The pain and gain of taxation

Between the news story from Cindy Barks, Tom Cantlon's column and the letter from Tom Britzman, local taxation is the theme of today's Courier.

The immediate issue is the City of Prescott raising our primary property tax coincident with a larger reduction in a secondary tax with the payoff of Willow and Watson lakes. I say "coincident" because the raise in the primary is not set out as a specific offset, rather it appears that Council sees a rare opportunity to bump up revenue in a way that won't likely attract a lot of opposition.

In his letter Britzman complains cynically that a tax, once instituted, never goes away, and overstates the situation — in fact, property taxes will go down, just not by as much as they would have without the primary hike — but he has a point in that Council is doing this hike opportunistically and without the public vote that many Arizonans have come to expect on new taxes.

In his column Tom points out some of the inconvenient complexities of taxation that prevent us from doing the sort of simple-minded "simplification" that many non-economists advocate.

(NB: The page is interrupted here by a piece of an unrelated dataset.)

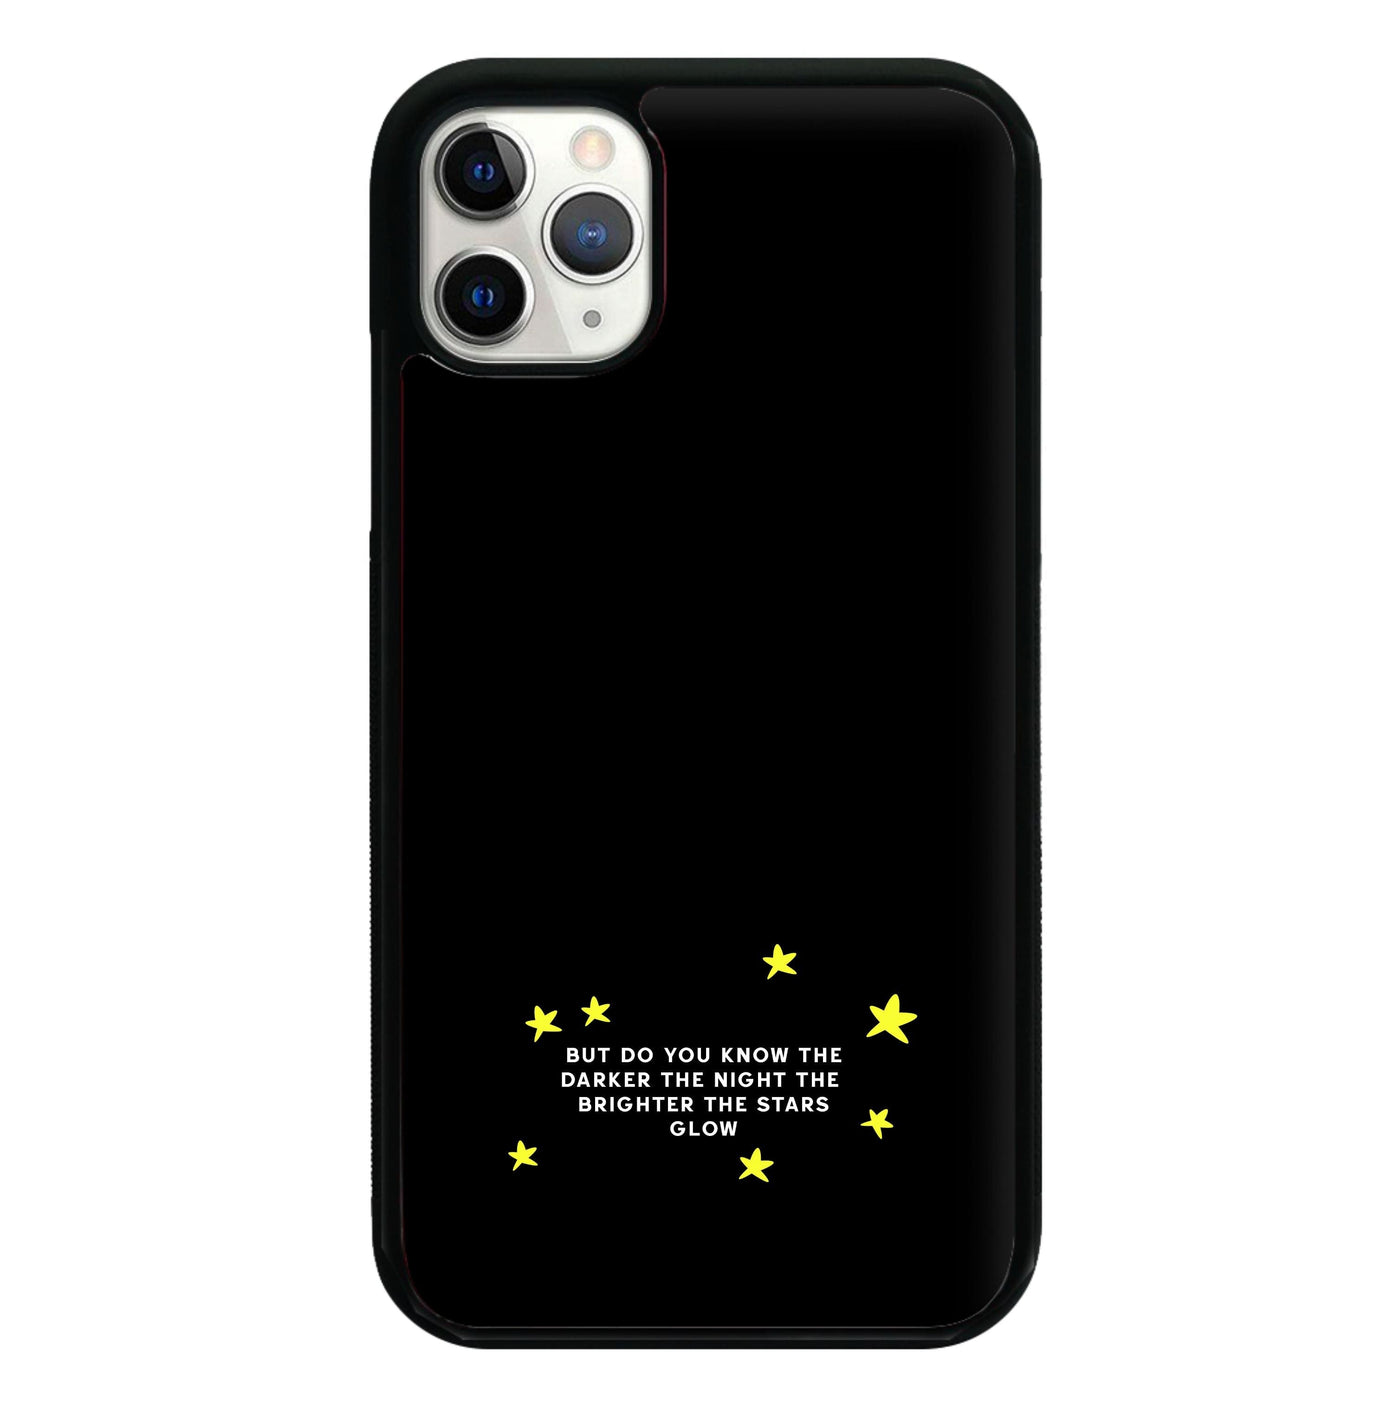 Brighter The Stars Glow - Katy Perry Phone Case

In going for the big picture, one complication he doesn't get to is why Prescott sees the need to boost property taxes: with the bursting construction bubble, we were badly burned by overreliance on sales taxes.

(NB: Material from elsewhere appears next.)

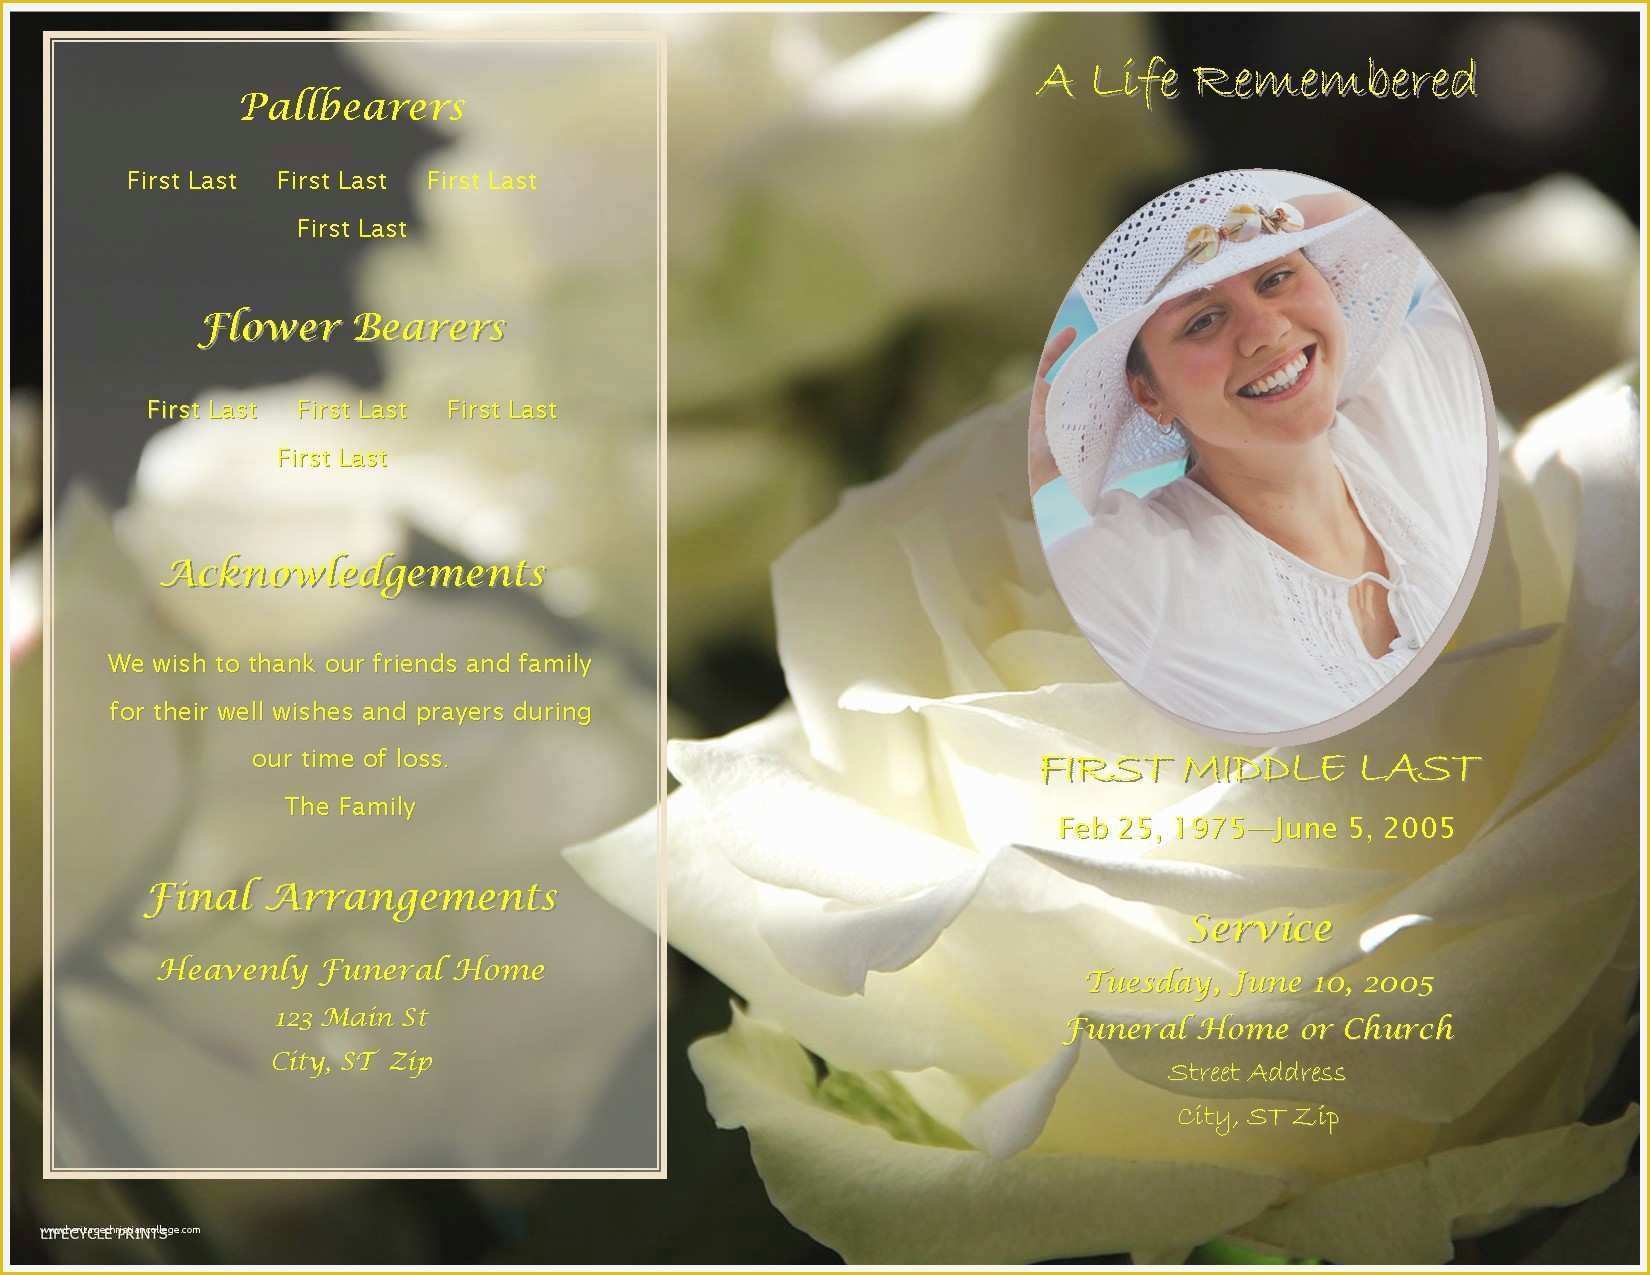 Free Obituary Program Template Download Of Beautiful Free Obituary Program Template Download

Social and economic scientists broadly agree that sales taxes more heavily burden low-income people, yes, but they also carry a land mine for governments that rely on them, in that when you need them most in an economic downturn, they disproportionately dry up.

At its core, the mission of government is to organize and deliver needed public services. Public reliance on those services increases in hard economic times, so depending on revenue streams that rise and fall with the economy exacerbates those problems.

The wise budgeter says, "So we should be saving up during good times so we have the funds available when things go sideways," and that makes all sorts of sense. Unfortunately the anti-tax powers-that-be in Arizona have amended our constitution to prevent that sort of forward planning.

Shifting from sales to property taxes will help make our public revenues more reliable over the long term. To do this most responsibly Council should be linking the property-tax hike with a reduction in the municipal sales-tax rate, which will be a marginal boost for both low-income residents and local retail businesses.

And since we're talking taxes, I have to add my usual rant that if we aspire to good and useful government, we have to change the conversation about taxes. It shouldn't be about how much money we pay individually, rather about how much value we receive for it. There is way too much focus on the dollar, and nothing like enough education about what it buys for us.